Reputation: 827
I have a dataframe with 3 columns, GP, LL, and QN:
GP LL QN
-------------------------
0 A0001 AA NaN
1 A0001 BB 3.0
2 A0001 CC 5.0
3 A0001 DD 14.0
4 A0001 EE NaN
... ... ... ...
Each GP value repeats for a series of records, with different values of LL for each GP. Each LL value has an individual numeric value in QN, some of which may be NaN. The values in LL may repeat across different values of GP, but do not repeat for the same value of GP. Each GP does not necessarily have the same values for LL as other values of GP, though some may.

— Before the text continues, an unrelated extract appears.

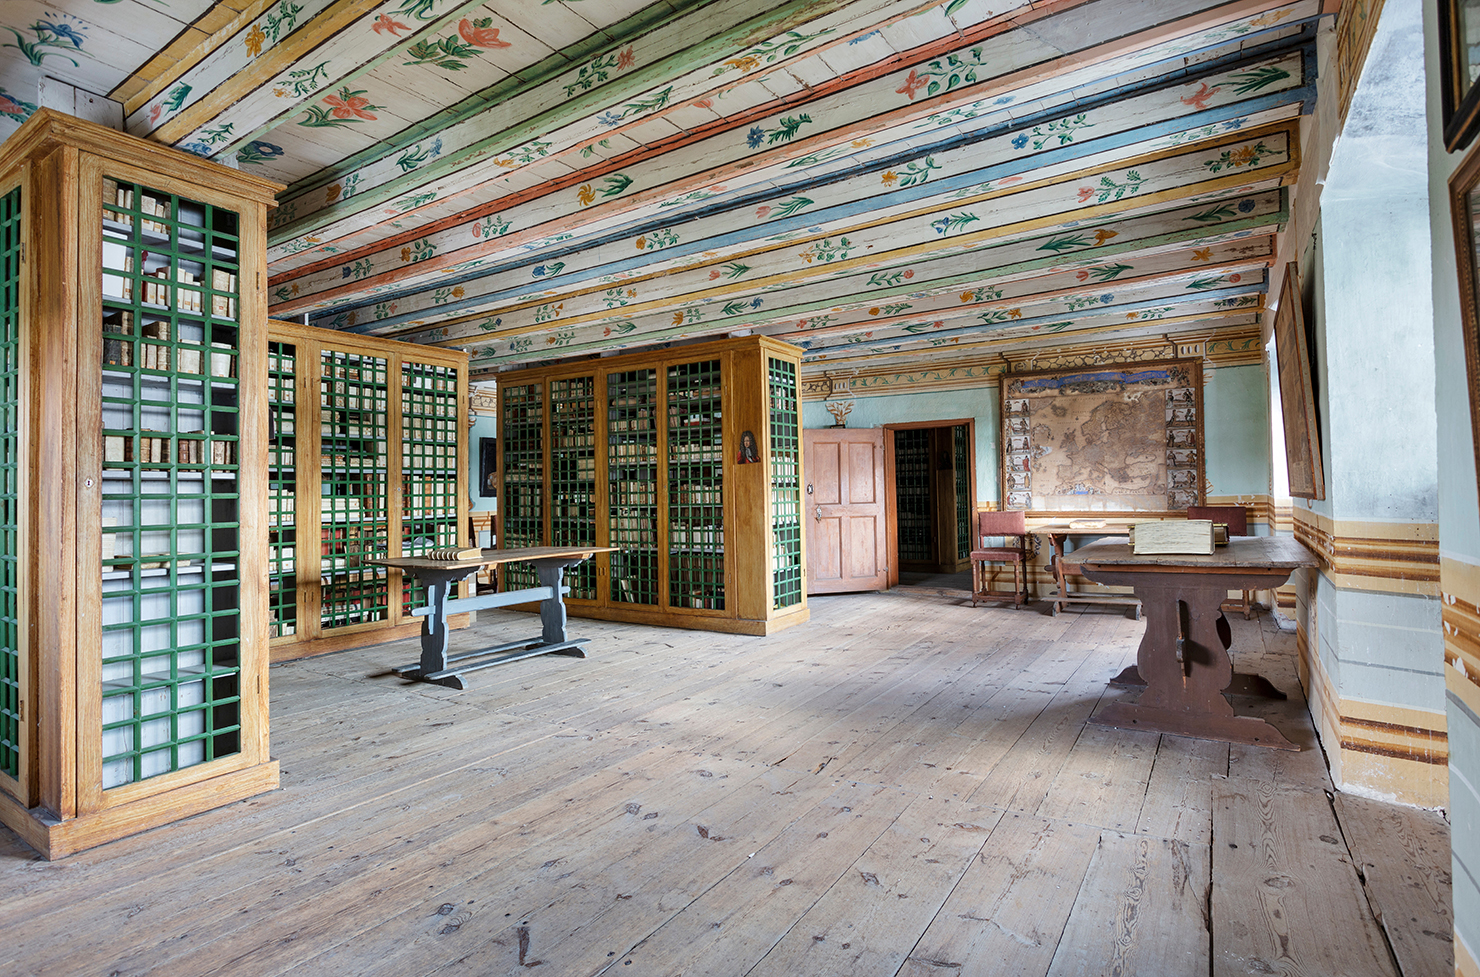 Ett rum med bokhyllor som har gröna gallerdörrar. Väggar och tak är målade.

I want to write a function which takes as an input a value of LL and returns a copy of the data frame with a new column, SM. The values for each row in this would be the cumsum of the values in QN from that row +1, down to the input value of LL.
So for example if the input to this function was "DD", using some of the records above, you might get a result like:
GP LL QN SM
----------------------------
0 A0001 AA NaN 22.0
1 A0001 BB 3.0 19.0
2 A0001 CC 5.0 14.0
3 A0001 DD 14.0 0.0
4 A0001 EE NaN -8.0
... ... ... ...
Struggling to find a way to accomplish this, short some really inefficient uses of apply.
Upvotes: 1
Views: 282
Reputation: 862911
If need reverse cumulative sum with shifting per groups use:
print (df)
GP LL QN
0 A0001 AA NaN
1 A0001 BB 3.0
2 A0001 CC 5.0
3 A0001 DD 14.0
4 A0001 EE NaN
5 A0001 CC 2.0
6 A0001 DD 3.0
7 A0001 EE 8.0
8 A0001 FF 4.0
val = 'DD'
#reverse all rows
df1 = df.iloc[::-1]
#create groups by compare val
g = df1['LL'].eq(val).groupby(df1['GP']).cumsum()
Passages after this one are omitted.